**Data shown:**
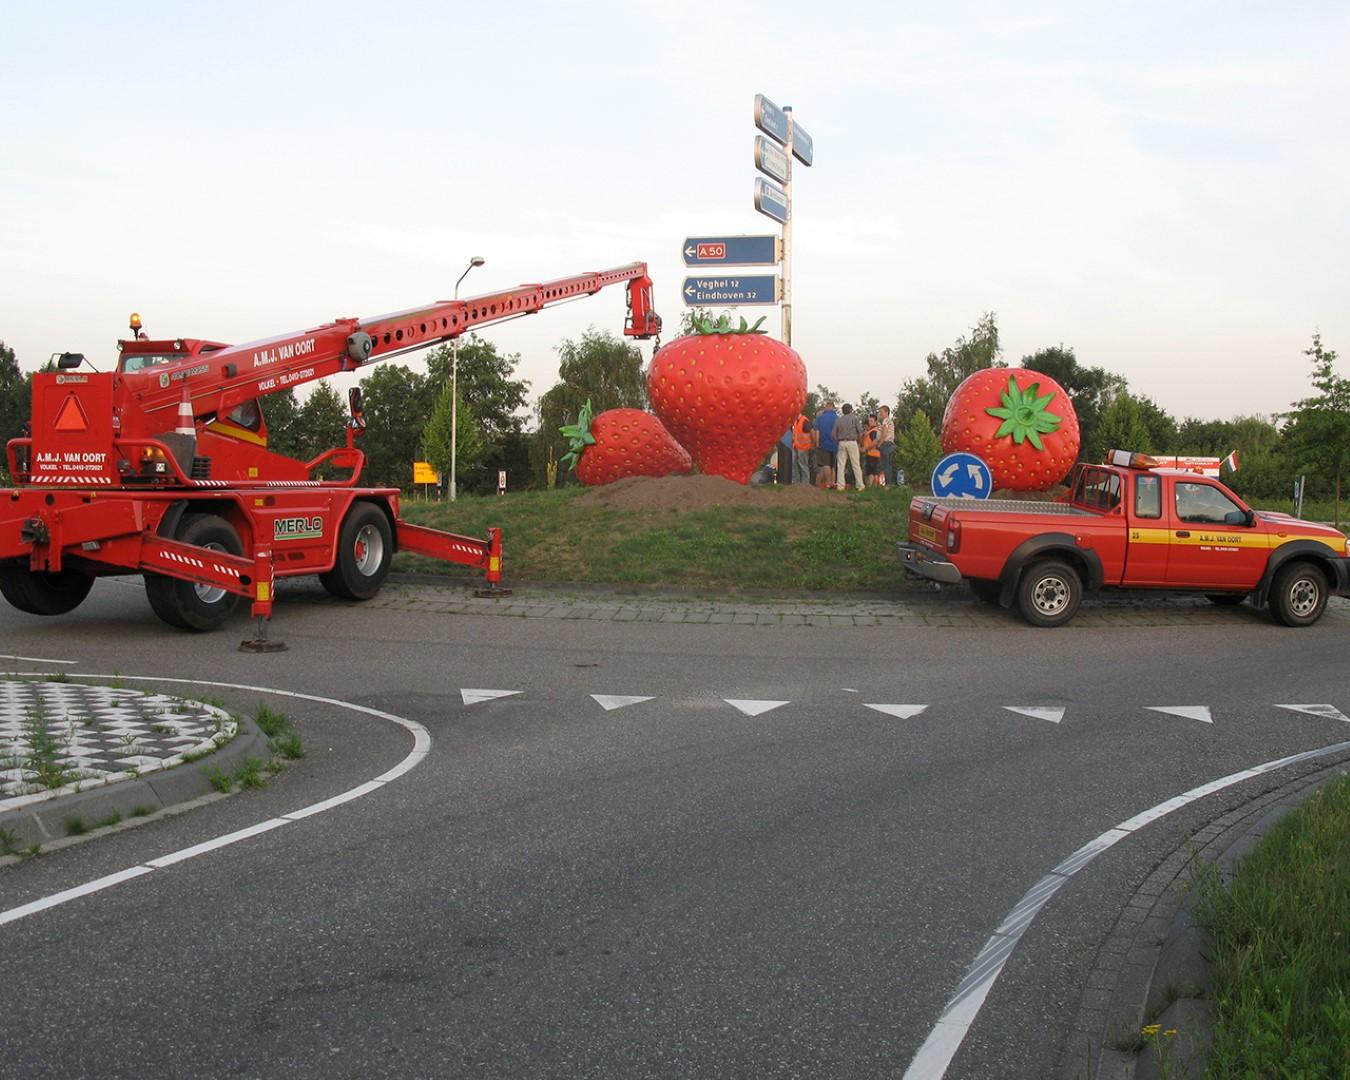 Rotonde Aardbeien van Jan en Birgitte
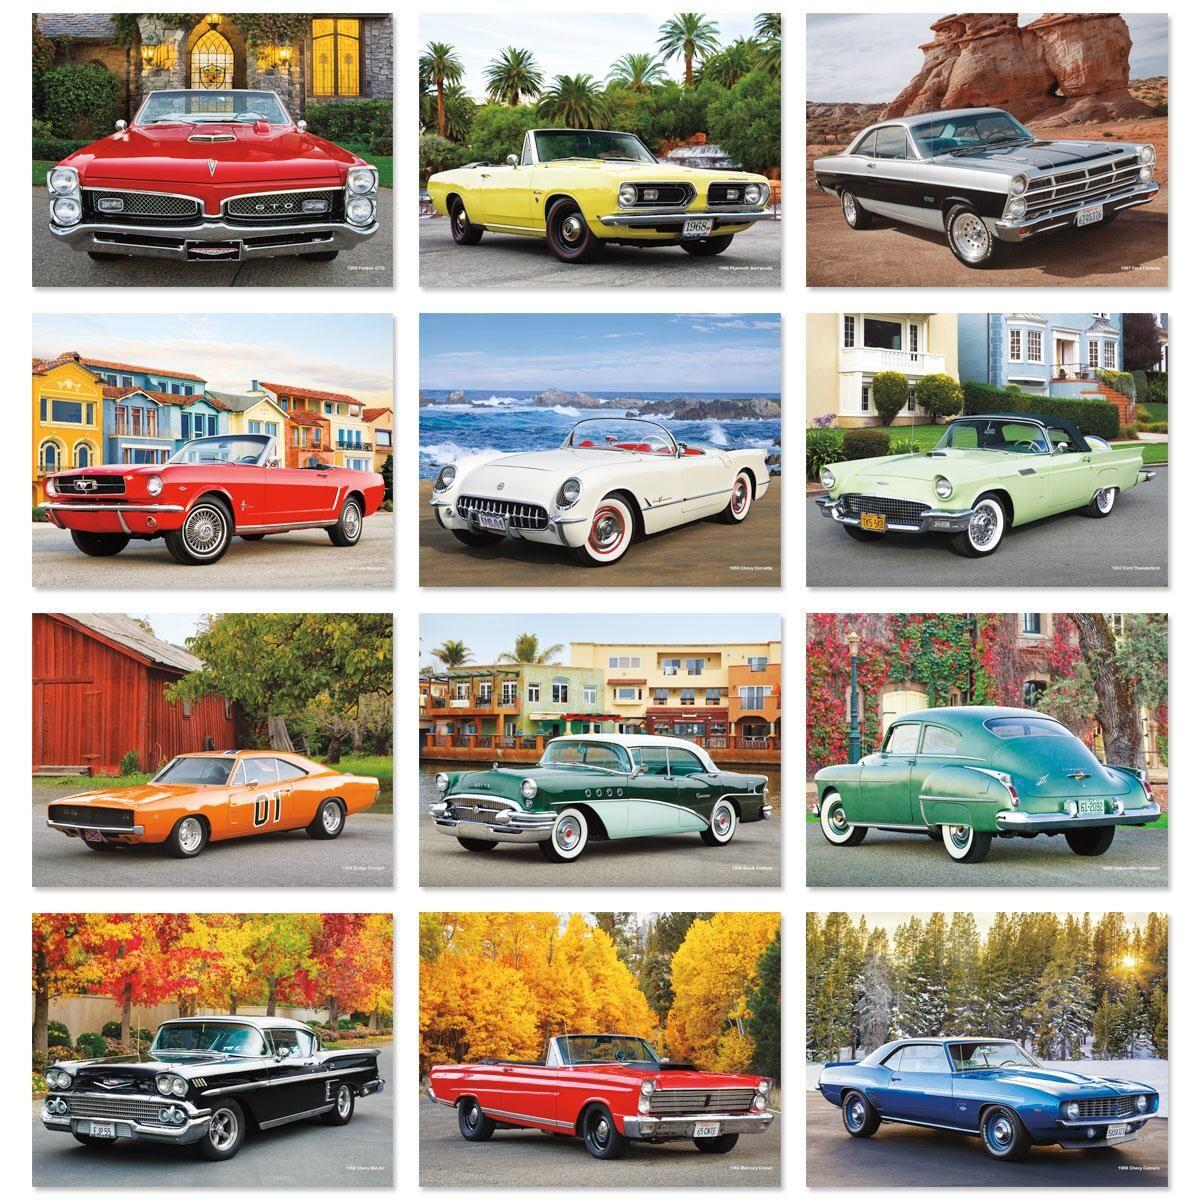 2018 Classic Cars Wall Calendar
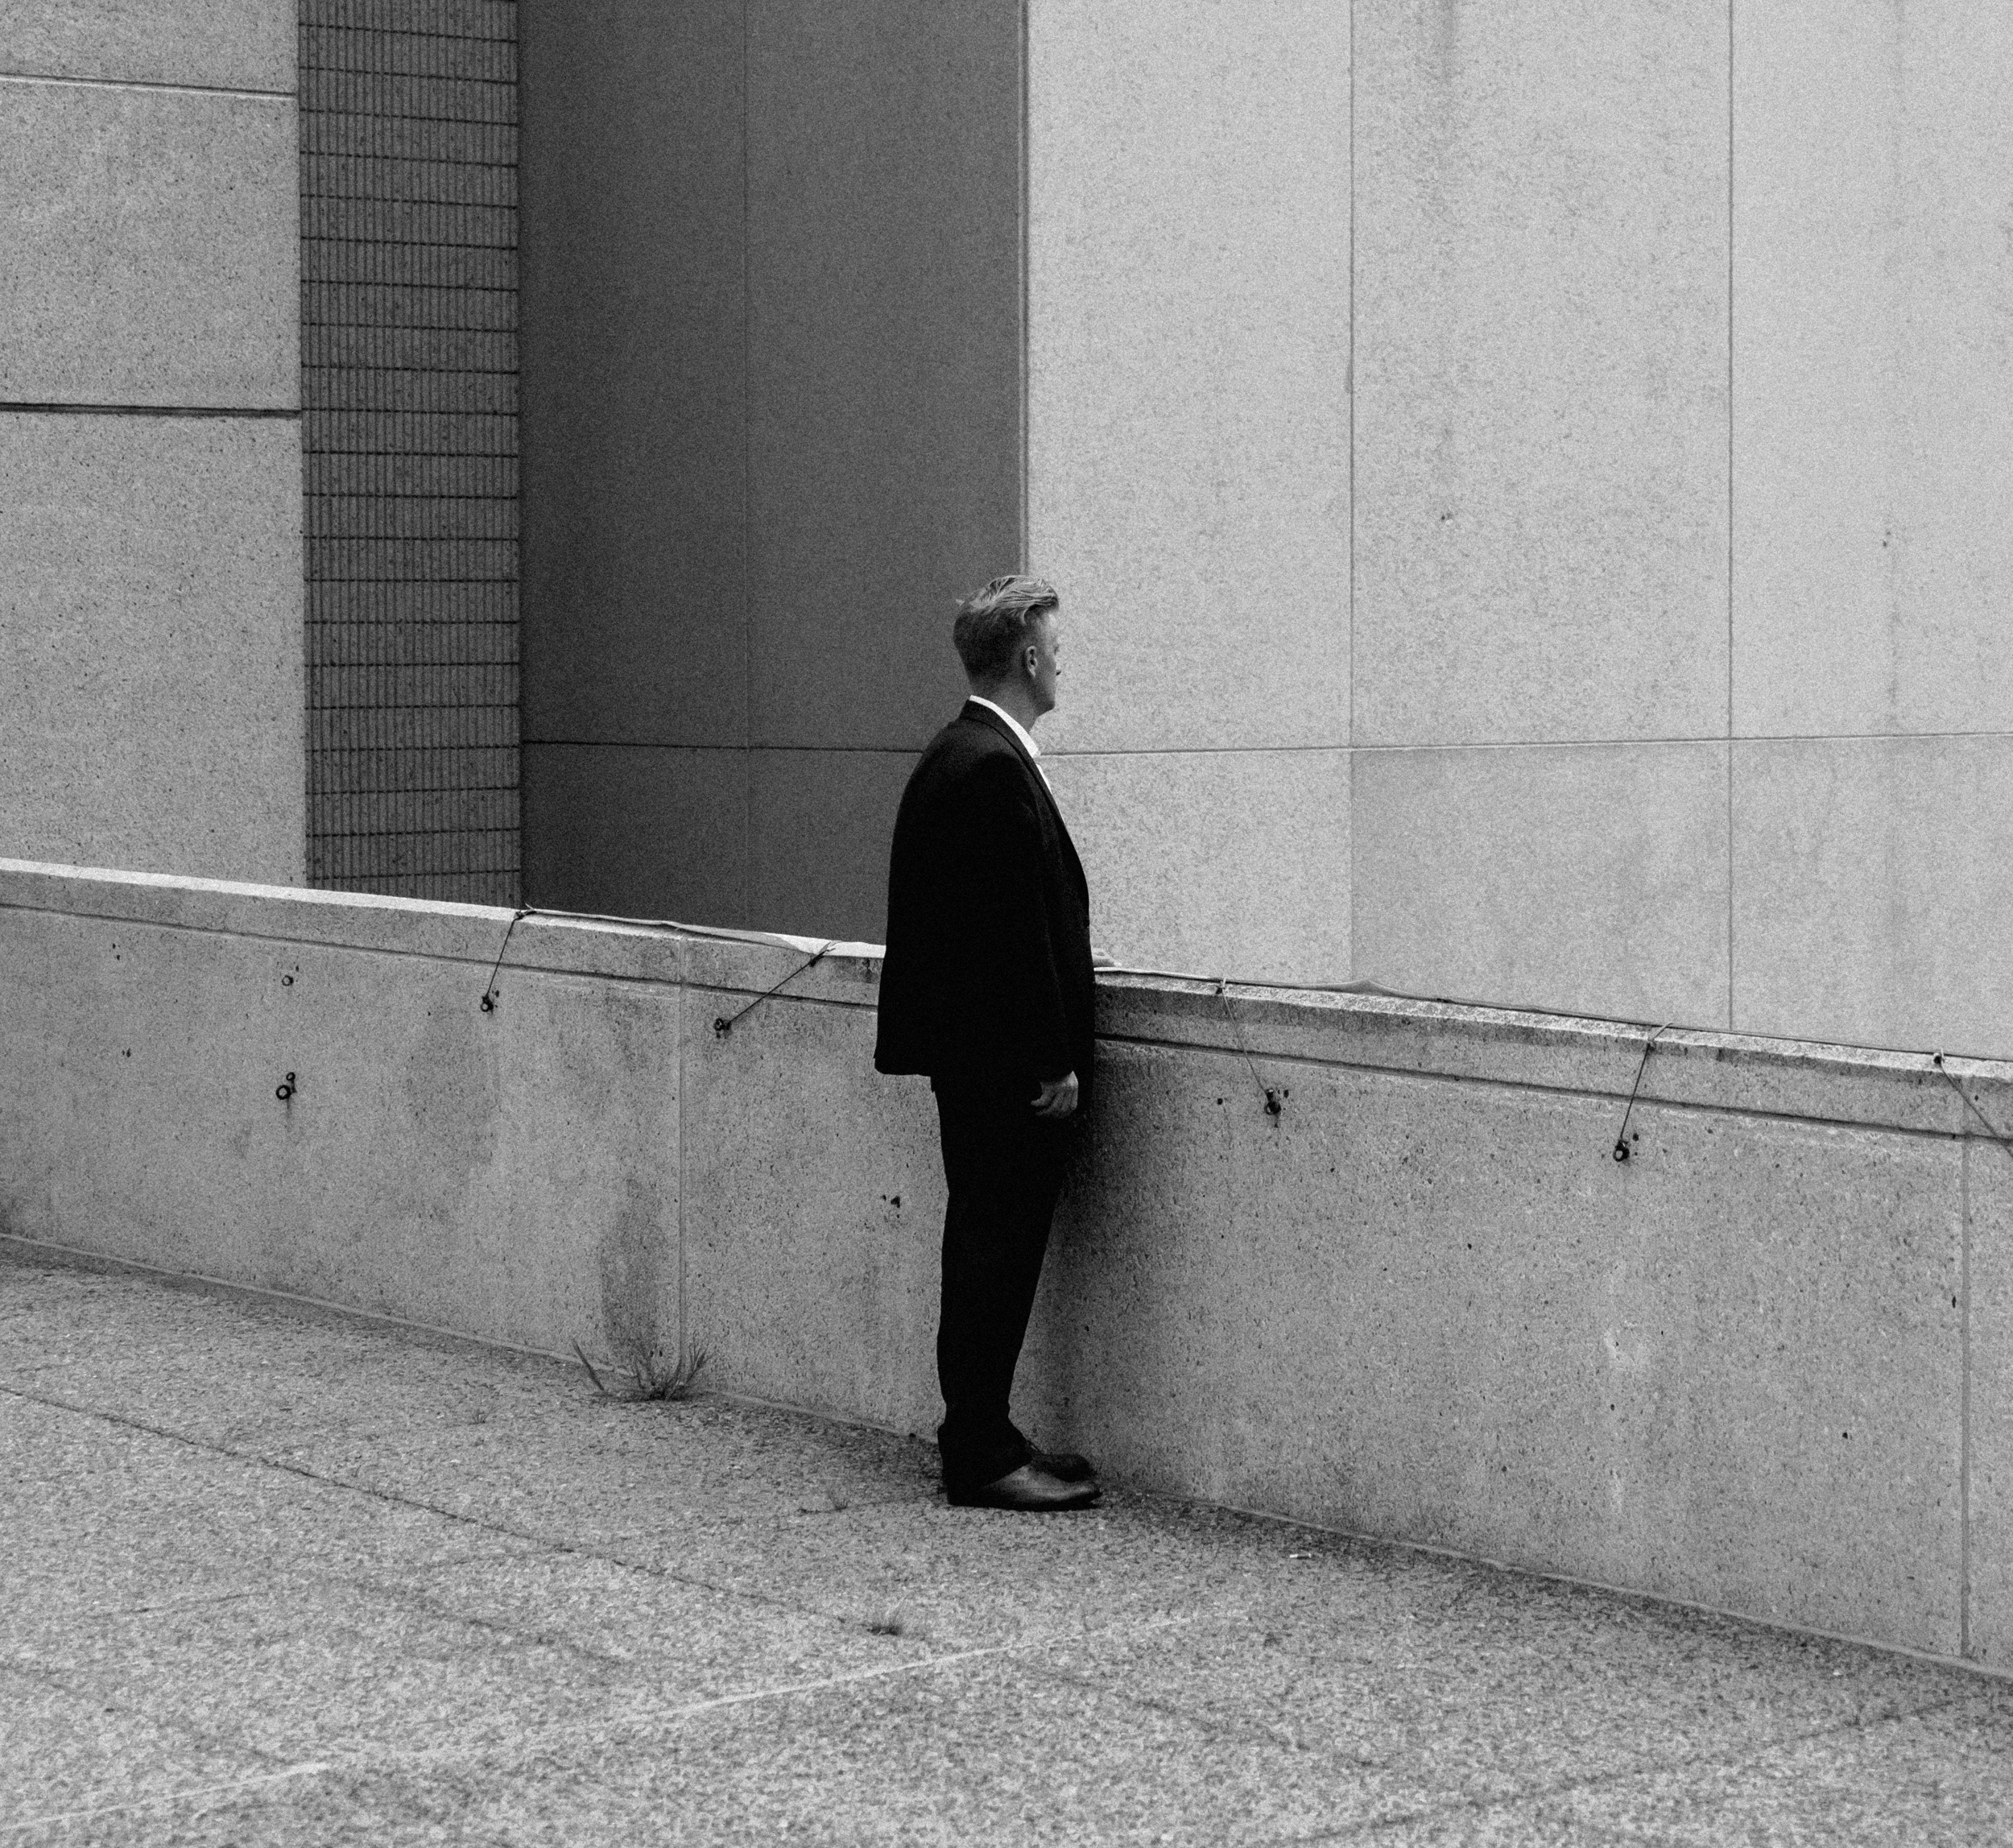 Photo : joshua Ness, Unsplash

**About this task:**
Before copying the material, set its pictures aside; then transcribe it word for word.

**Solved exercise:**
 Rotonde Aardbeien van Jan en Birgitte
 2018 Classic Cars Wall Calendar
 Photo : joshua Ness, Unsplash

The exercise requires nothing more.